__What you need to do__. Would you return the listing exactly as written, apart from its pictures?

__Data block__.
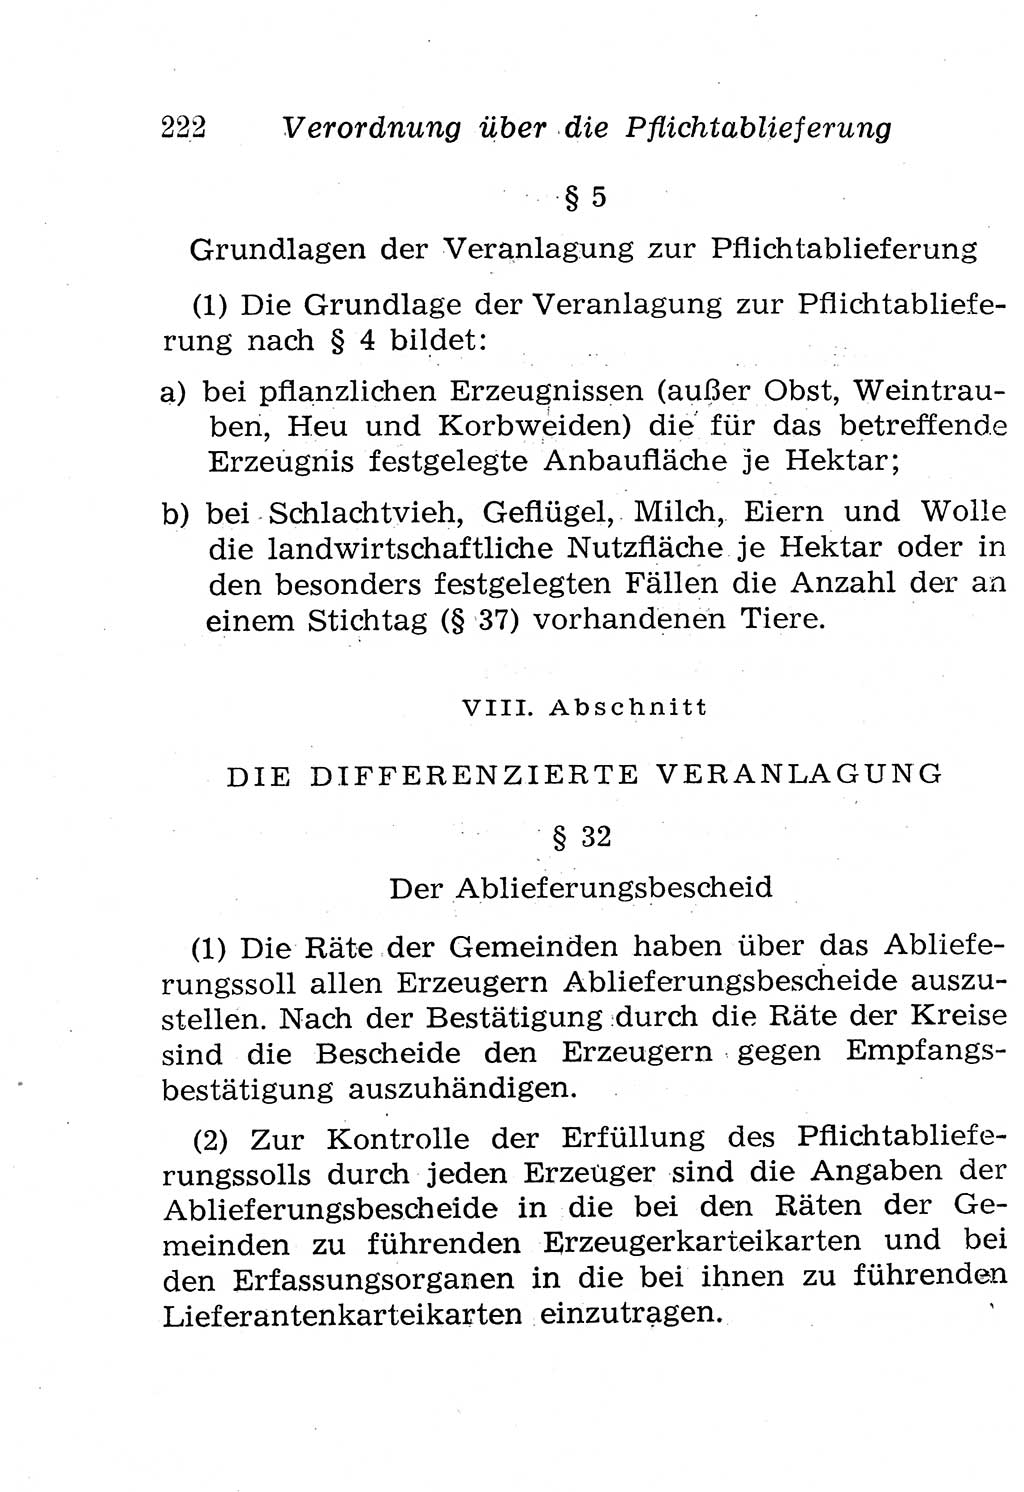 Strafgesetzbuch (StGB) und andere Strafgesetze [Deutsche Demokratische Republik (DDR)] 1958, Seite 222 (StGB Strafges. DDR 1958, S. 222)
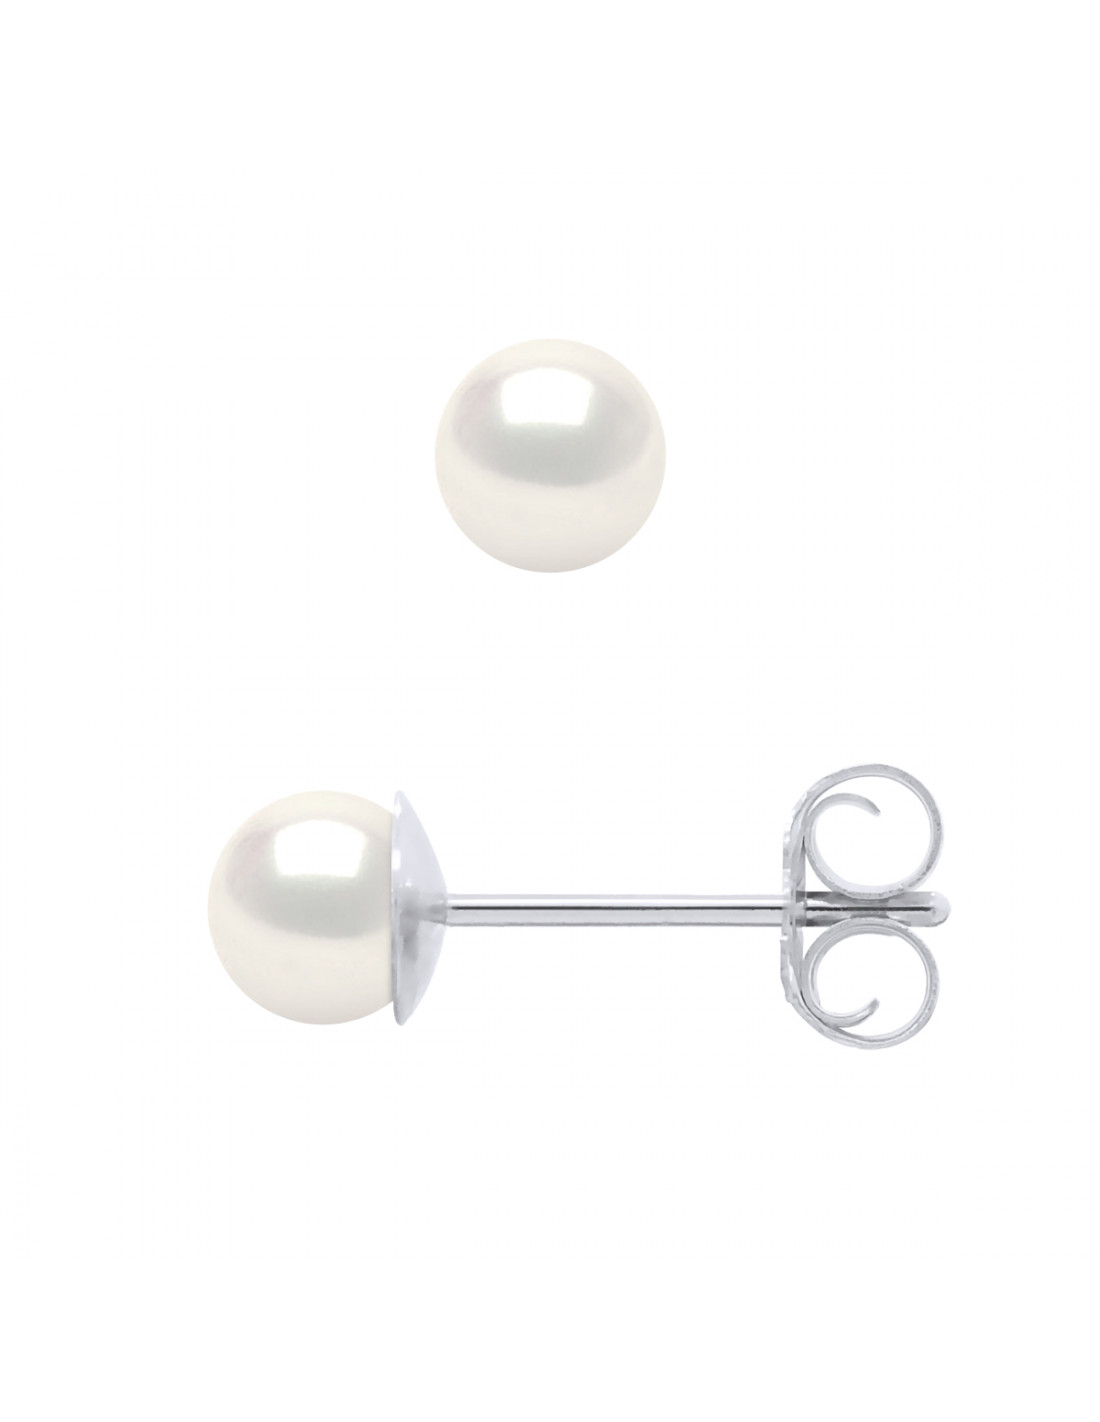 Création Boucles d'oreille perles modèle « Claire » Longueur 5 cm neuves
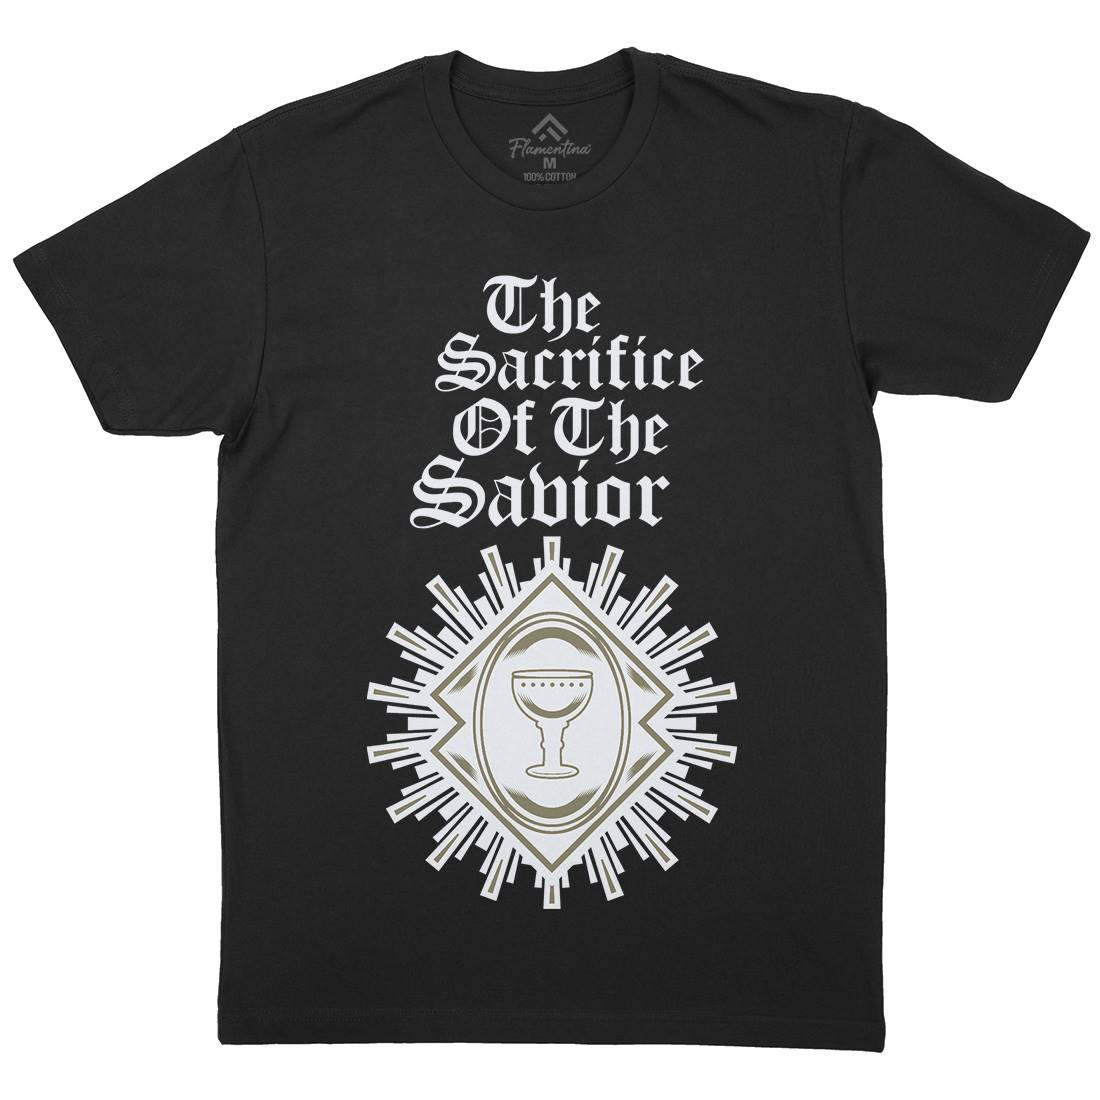 Sacrifice Of The Saviour Mens Organic Crew Neck T-Shirt Religion A385

__Solution to this task__.
 Strafgesetzbuch (StGB) und andere Strafgesetze [Deutsche Demokratische Republik (DDR)] 1958, Seite 222 (StGB Strafges. DDR 1958, S. 222)
 Création Boucles d'oreille perles modèle « Claire » Longueur 5 cm neuves
 Sacrifice Of The Saviour Mens Organic Crew Neck T-Shirt Religion A385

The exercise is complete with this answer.